Comment 19 commit-hook freebsd_committer freebsd_triage 2023-04-25 00:39:10 UTC
A commit in branch stable/13 references this bug:

URL: https://cgit.FreeBSD.org/src/commit/?id=68a69739cb902d083aacdb0974b9b957e0e1353b

commit 68a69739cb902d083aacdb0974b9b957e0e1353b
Author:     Konstantin Belousov <kib@FreeBSD.org>
AuthorDate: 2023-04-15 17:46:12 +0000
Commit:     Konstantin Belousov <kib@FreeBSD.org>
CommitDate: 2023-04-25 00:27:27 +0000

    umtx: allow to configure minimal timeout (in nanoseconds)

    PR:     270785

    (cherry picked from commit 93ca6ff2958cace3b7b883ed797ea6539881a6a2)
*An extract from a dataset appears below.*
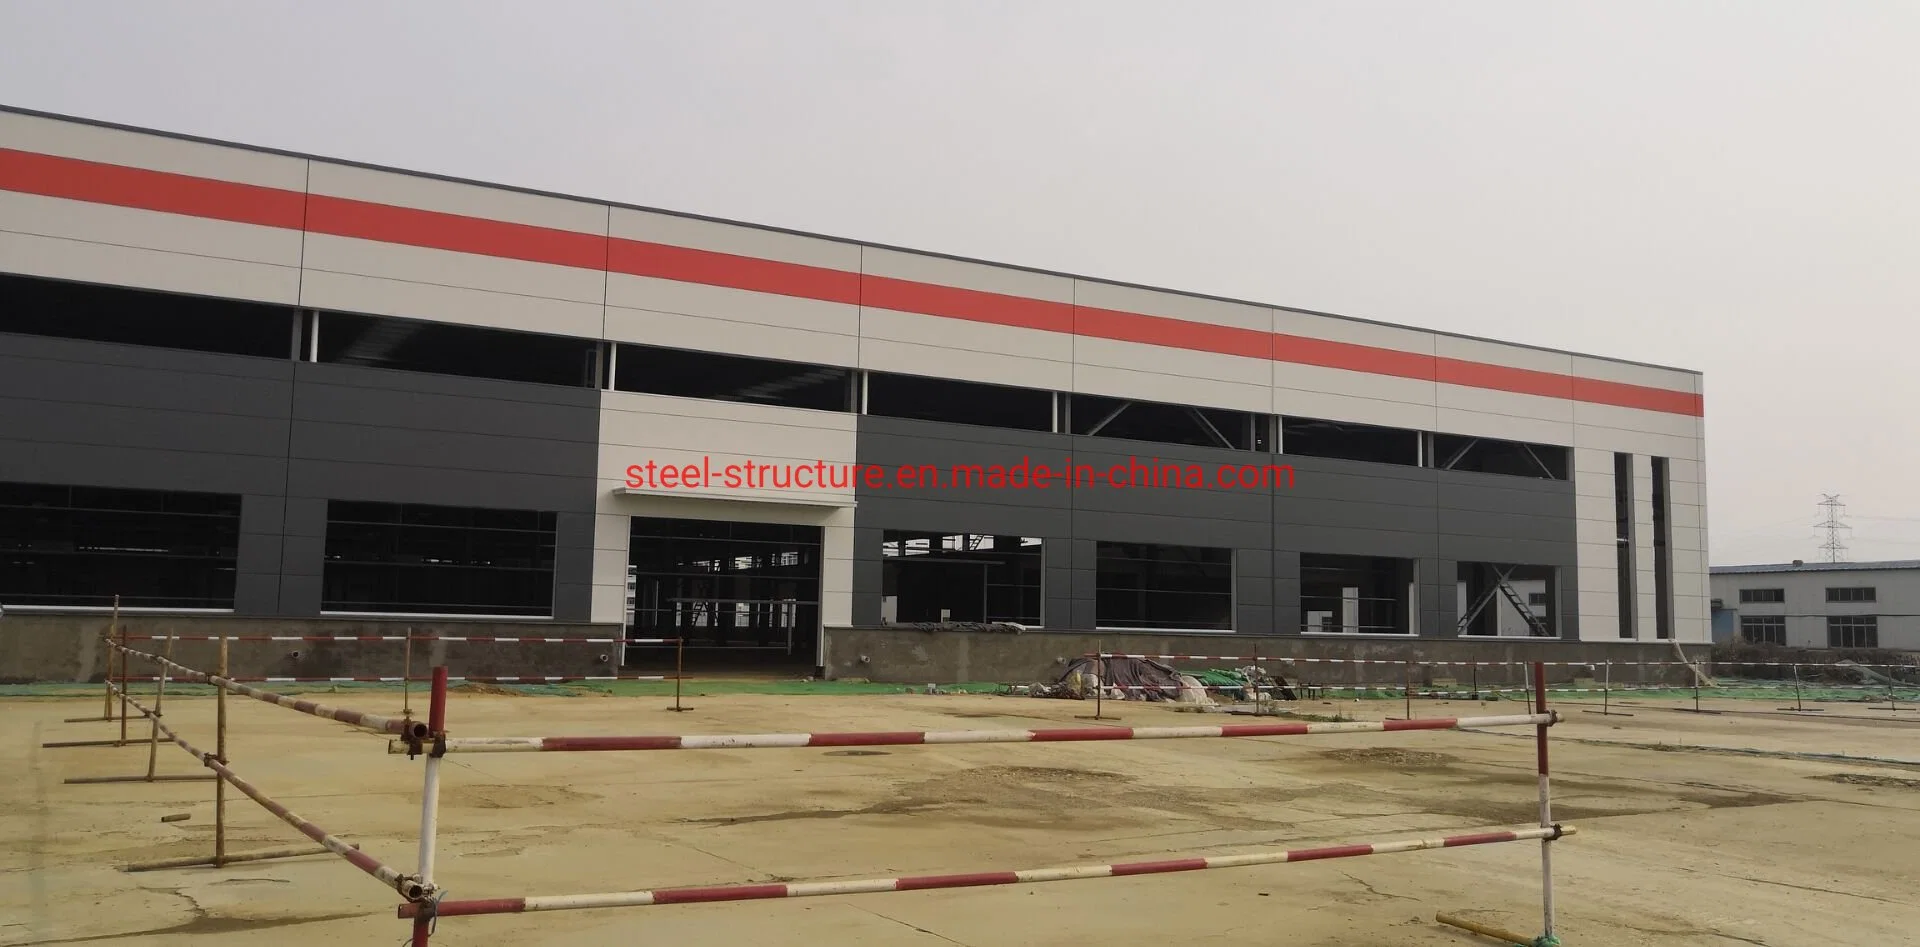 Estructura de acero diseñada prefabricados personalizados almacén taller Hangar Showroom Edificio supermercado
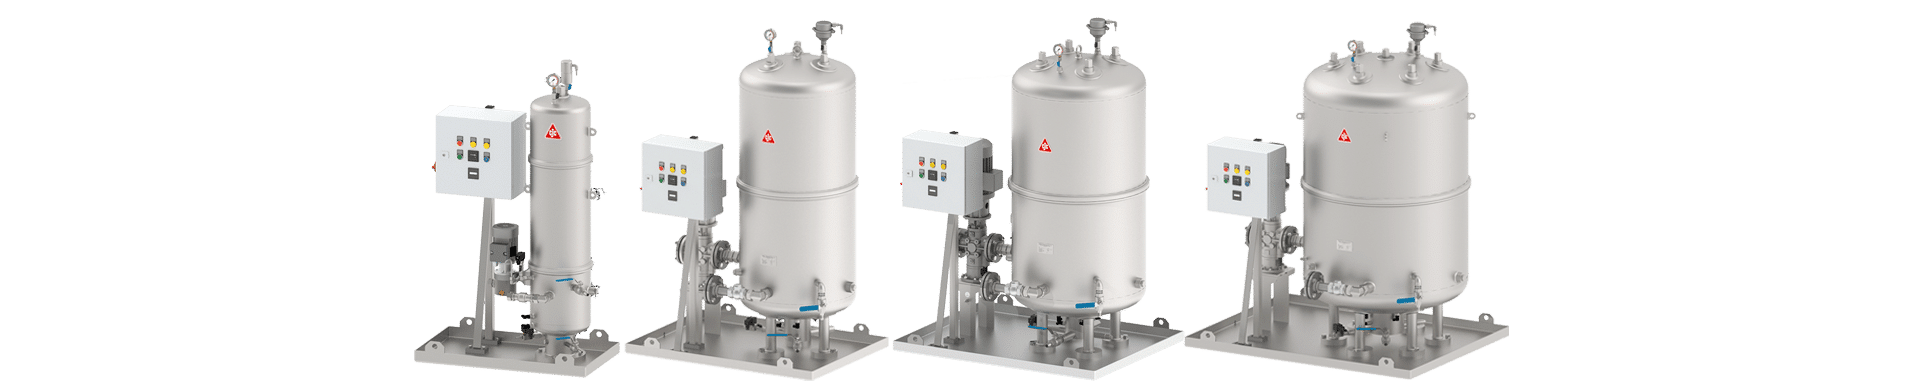 fluidpflegesystem für kraftstoffreinigung und tankpflege

 lib/libc/sys/_umtx_op.2      | 11 +++++++++++
 lib/libthr/libthr.3          |  6 ++++++
 lib/libthr/thread/thr_init.c | 11 +++++++++++
 sys/kern/kern_fork.c         |  1 +
 sys/kern/kern_umtx.c         | 45 ++++++++++++++++++++++++++++++++++++++++++++
 sys/sys/proc.h               |  1 +
 sys/sys/umtx.h               |  2 ++
 7 files changed, 77 insertions(+)
Comment 20 bllcha013 2023-11-21 16:26:52 UTC
FreeBSD 14.0-RELEASE includes the LIBPTHREAD_UMTX_MIN_TIMEOUT per-process tunable, and setting it like LIBPTHREAD_UMTX_MIN_TIMEOUT=10000000 before the java command to start a Minecraft server for example, greatly improves power efficiency. It is working great now.

Thank you for this, and thank you to everyone working on FreeBSD.